__WHAT YOU HAVE TO DO__:
What are the lines below, starting at the line containing "United Way of Columbia Willamette" and ending at the line containing "GTRACING GT890F ゲーミングチェア青が格安!"? Write them out exactly, ends included, without pictures.

__GIVEN RECORDS__:

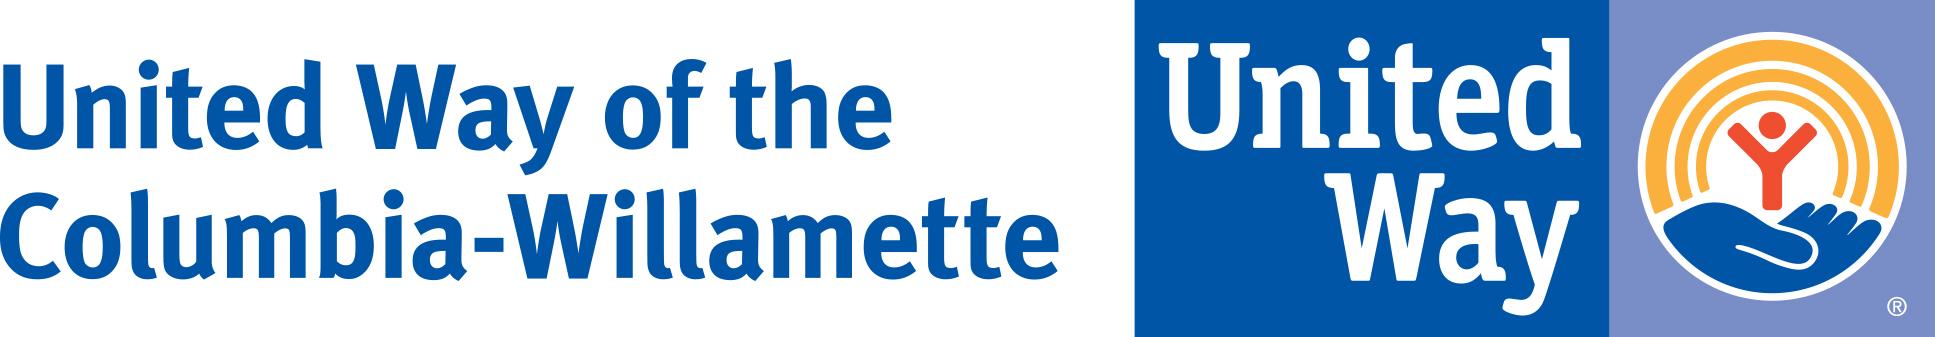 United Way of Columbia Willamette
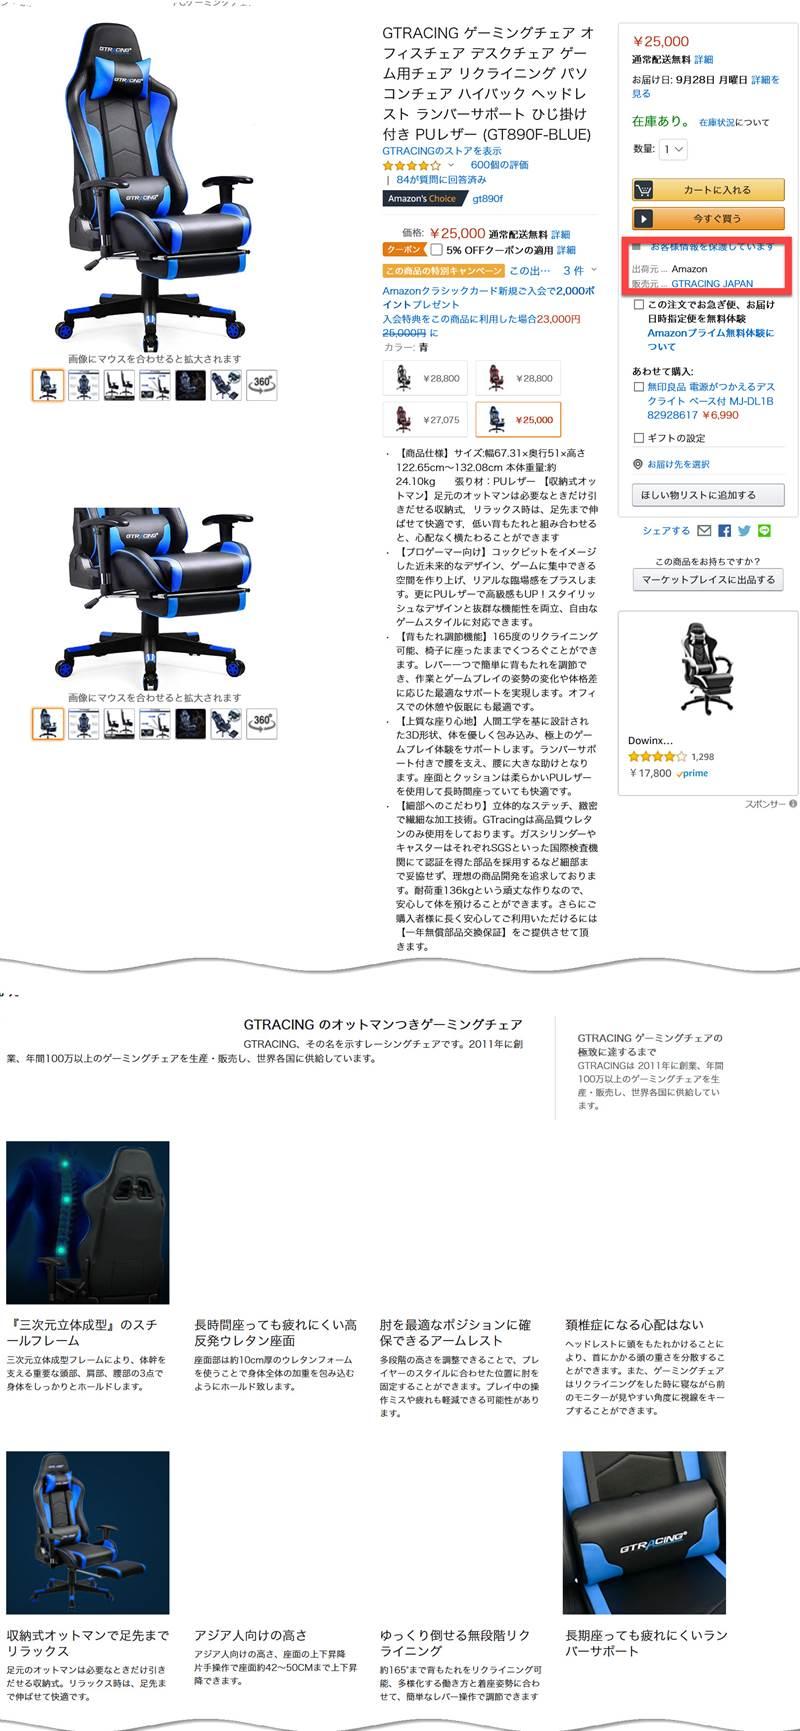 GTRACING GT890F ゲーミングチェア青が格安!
---
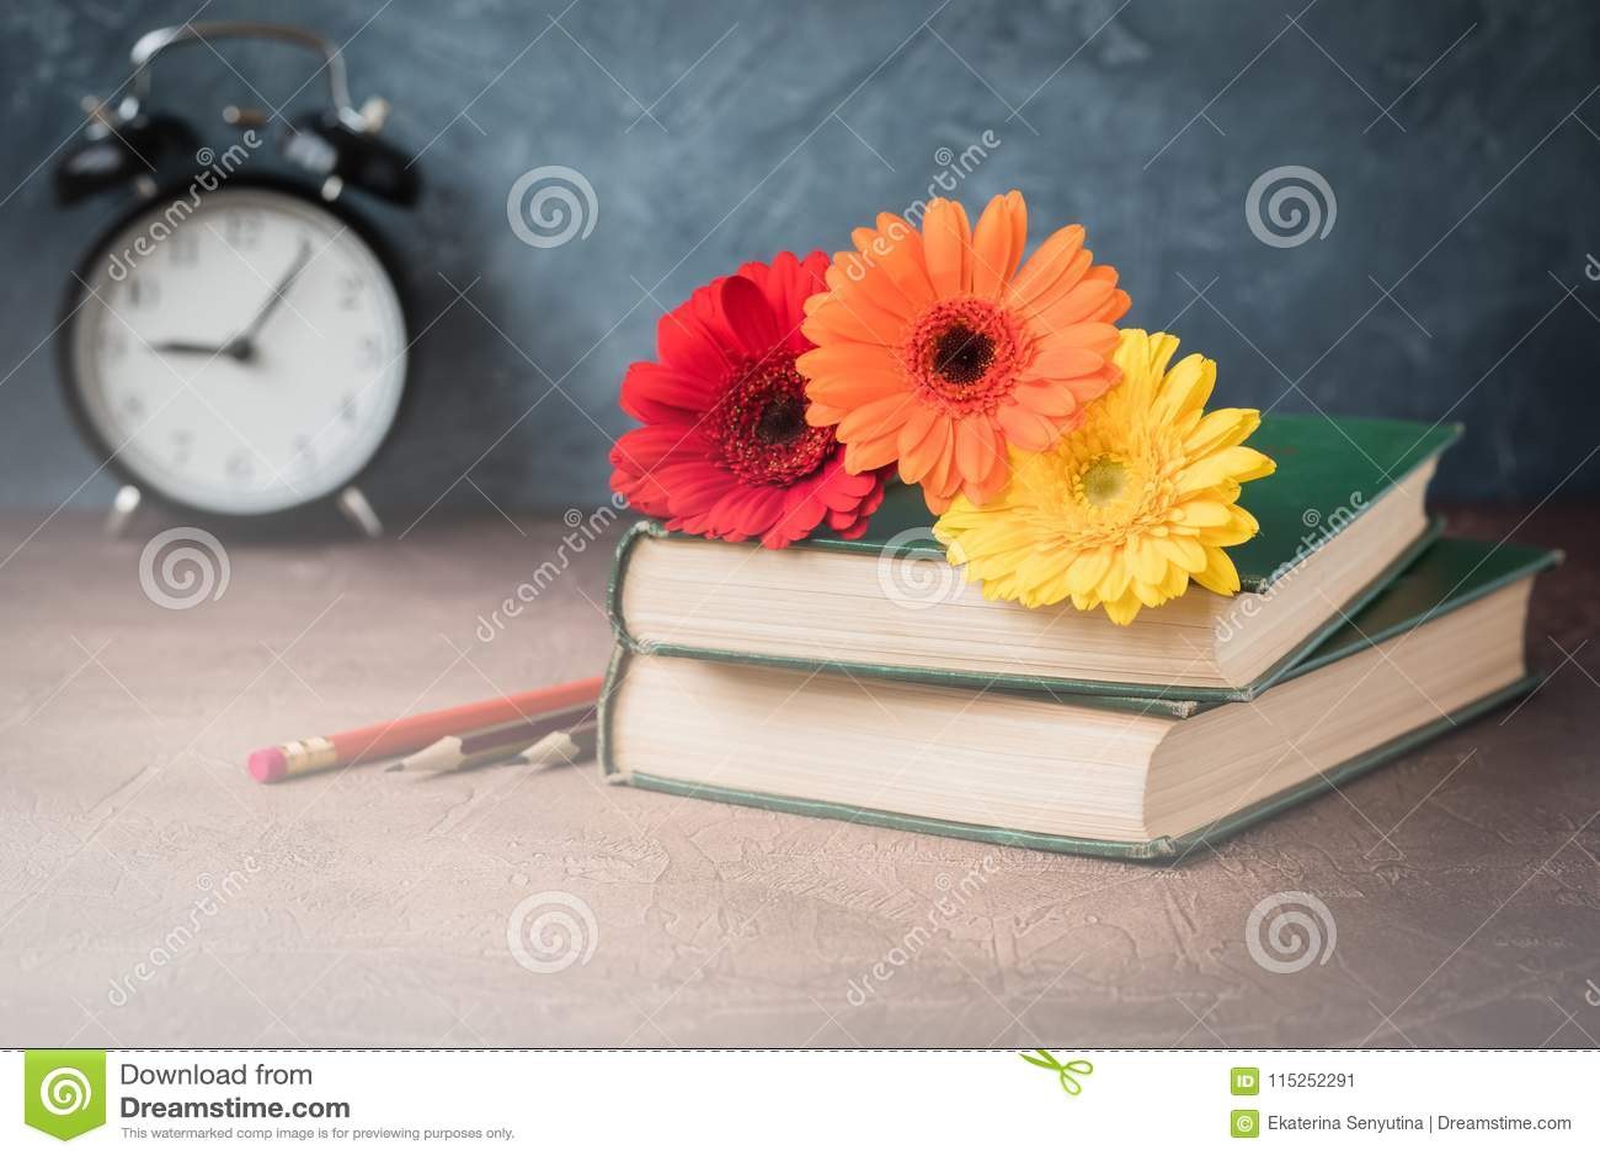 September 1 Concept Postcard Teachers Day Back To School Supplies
==
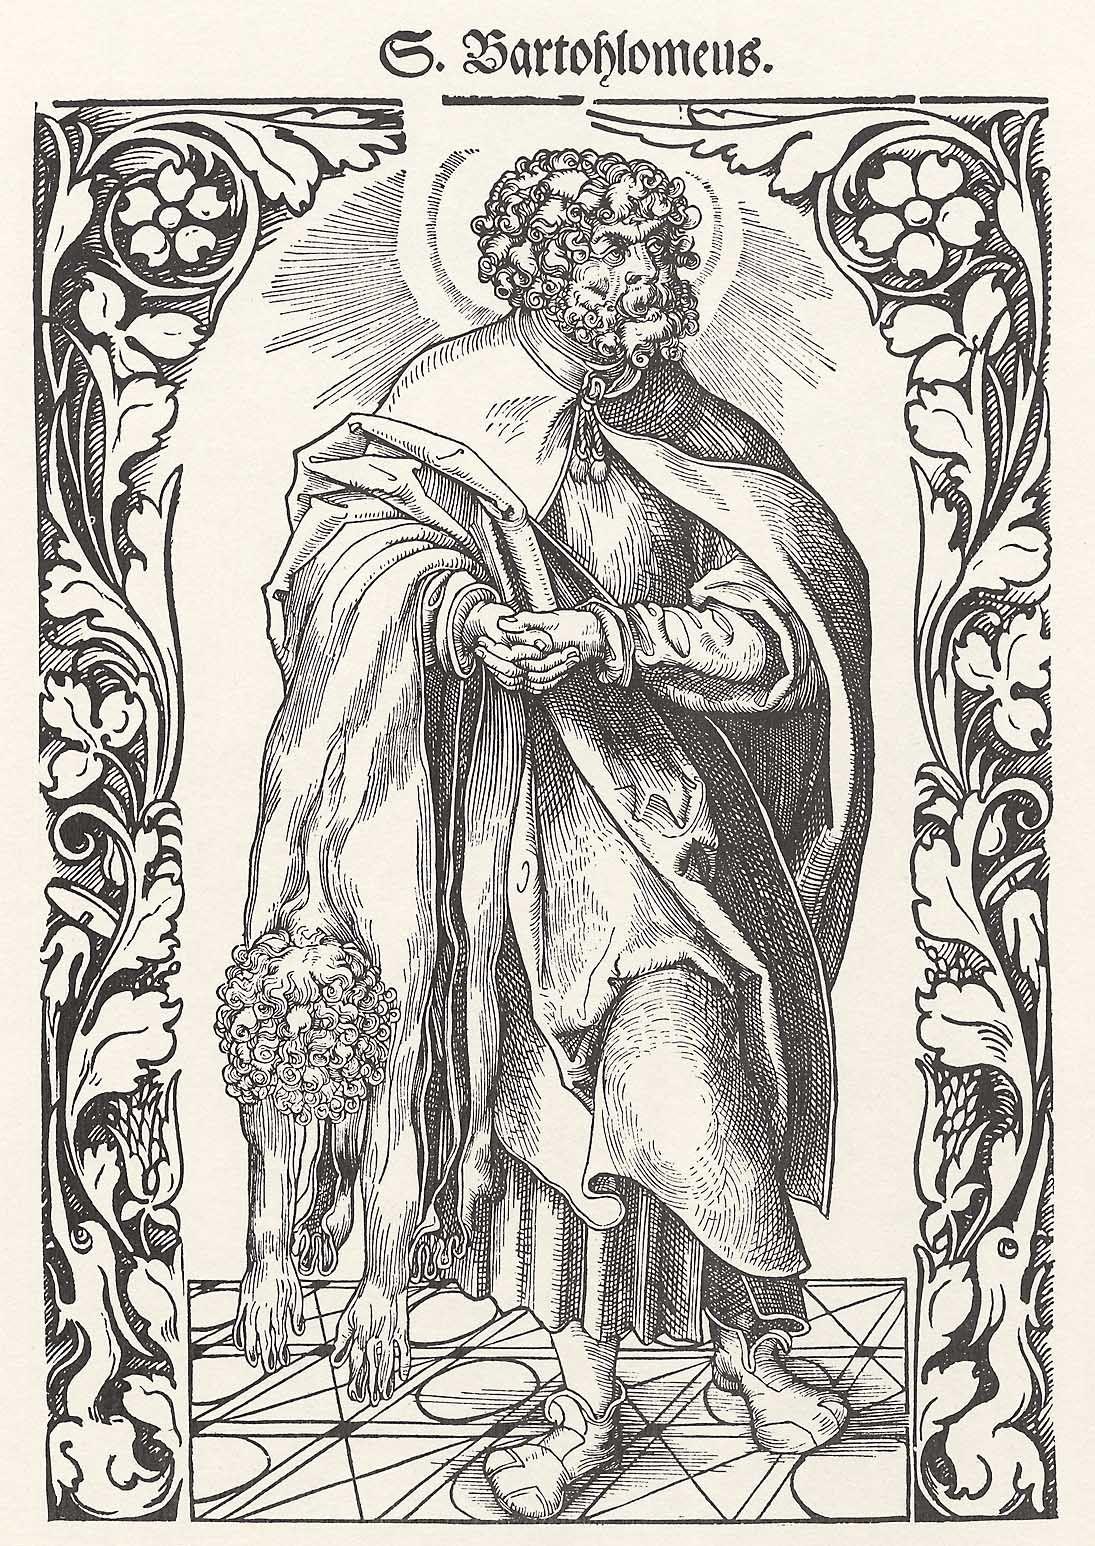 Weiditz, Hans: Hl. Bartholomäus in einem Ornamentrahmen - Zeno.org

__ANSWER TO THE EXERCISE__:
 United Way of Columbia Willamette
 GTRACING GT890F ゲーミングチェア青が格安!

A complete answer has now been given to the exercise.